- India / Pakistan
- Dates: 23 January – 13 February 1999
- Captains: Mohammad Azharuddin / Wasim Akram

Test series
- Result: 2-match series drawn 1–1
- Most runs: Sadagoppan Ramesh (204) / Shahid Afridi (225)
- Most wickets: Anil Kumble (21) / Saqlain Mushtaq (20)
- Player of the series: Saqlain Mushtaq (Pak)

= Pakistani cricket team in India in 1998–99 =

The Pakistan national cricket team toured India in the 1998–99 season. The two teams played two Tests. The series was drawn 1–1. The teams were originally scheduled to play three Tests but the series was reduced to two tests, and another test was played as part of the 1998–99 Asian Test Championship.

== Background ==
The Pakistan team were to tour India after 12 years. It was reported in October 1998 that the tour would include three Tests and five One Day International (ODI) matches. The squad was scheduled to leave for India on 21 January 1999 with the opening Test starting on 3 February and the tour would wind up after the final ODI to be played on 15 March. It was later reported that the three Tests would be played in Calcutta (now Kolkata), Madras (now Chennai) and Bangalore, and the ODIs (now reduced to three) in Mohali, Cuttack and Kanpur.

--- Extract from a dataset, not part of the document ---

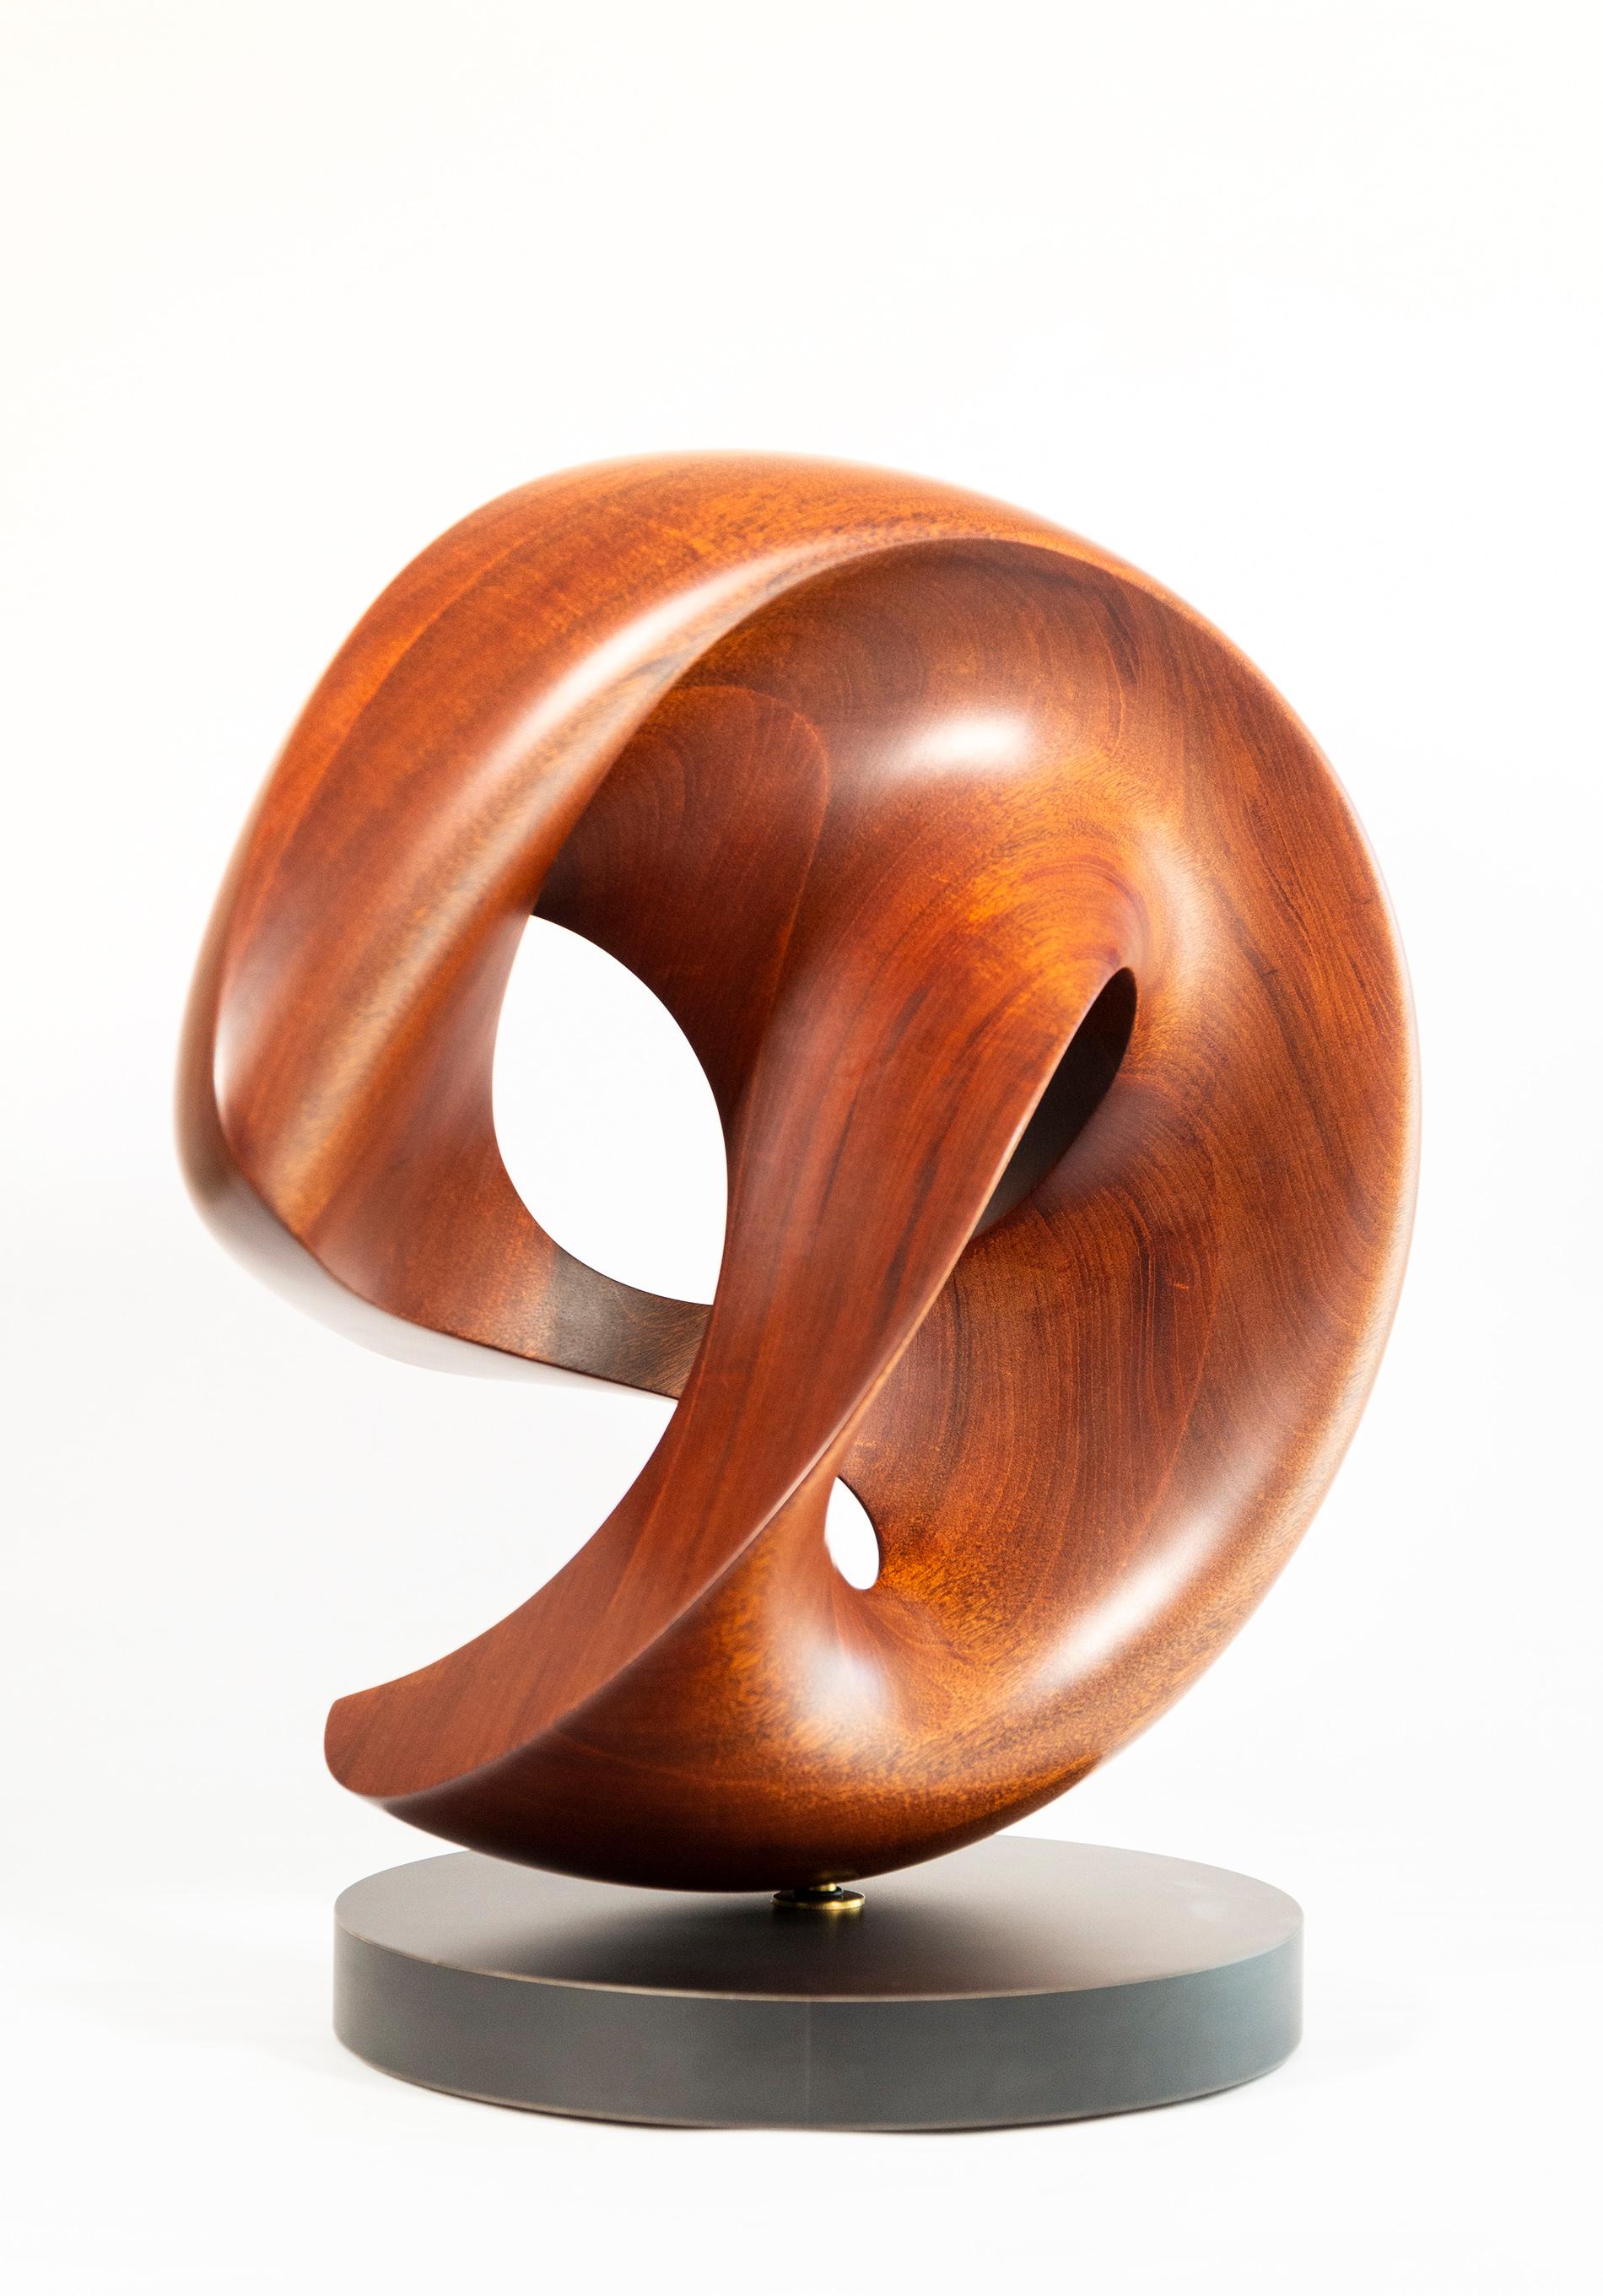 Fanfare - smooth, polished, abstract, contemporary, mahogany carved sculpture 6

However, threat of disruption by certain militant groups in response to the alleged Pakistani involvement in insurgency in Jammu and Kashmir meant the tour lay in jeopardy. Security for the touring party was assured by India's Prime Minister. In January 1999, headquarters of the Board of Control for Cricket in India was vandalized and activists of the Shiv Sena party dug up the wicket at the first Test venue in New Delhi, causing the match to be moved to the southern city of Madras (now Chennai). Some activists also protested at the Pakistani High Commission in New Delhi against the tour. However, the Pakistan squad arrived in New Delhi on 21 January after threats were withdrawn and India's Home Minister holding an emergency meeting. The number of Tests were reduced to two in the series, and another test to be played as part of the 1998–99 Asian Test Championship, and the ODI series cancelled. Pakistan came to India on the back of a better Test record against India — seven wins against four losses in 44 matches.

== Squads ==

| India | Pakistan |
|---|---|
| Mohammad Azharuddin (c); Rahul Dravid; Sourav Ganguly; Sunil Joshi; Hrishikesh Kanitkar; Anil Kumble; VVS Laxman; Nayan Mongia (wk); Venkatesh Prasad; Sadagoppan Ramesh; Laxmi Ratan Shukla; Harbhajan Singh; Javagal Srinath; Sachin Tendulkar; | Wasim Akram (c); Moin Khan (vc); Shahid Afridi; Ijaz Ahmed; Mushtaq Ahmed; Shoaib Akhtar; Saeed Anwar; Naved Ashraf; Nadeem Khan; Azhar Mahmood; Saleem Malik; Saqlain Mushtaq; Inzamam-ul-Haq; Wajahatullah Wasti; Waqar Younis; Mohammad Yousuf; |

The Pakistan squad for the tour was named on 14 January 1999. The 16-member squad excluded Aamer Sohail with the uncapped Wajahatullah Wasti added as his replacement. Two weeks prior, Wasim Akram had been appointed captain and Moin Khan his deputy. A 14-member India squad was named on 21 January. Two players from the squad that toured New Zealand, batsmen Navjot Singh Sidhu and Ajay Jadeja were dropped. All-rounder Laxmi Ratan Shukla and opening bat Sadagoppan Ramesh were included. Fast bowler Ajit Agarkar, nursing an injury, was left out for the first Test.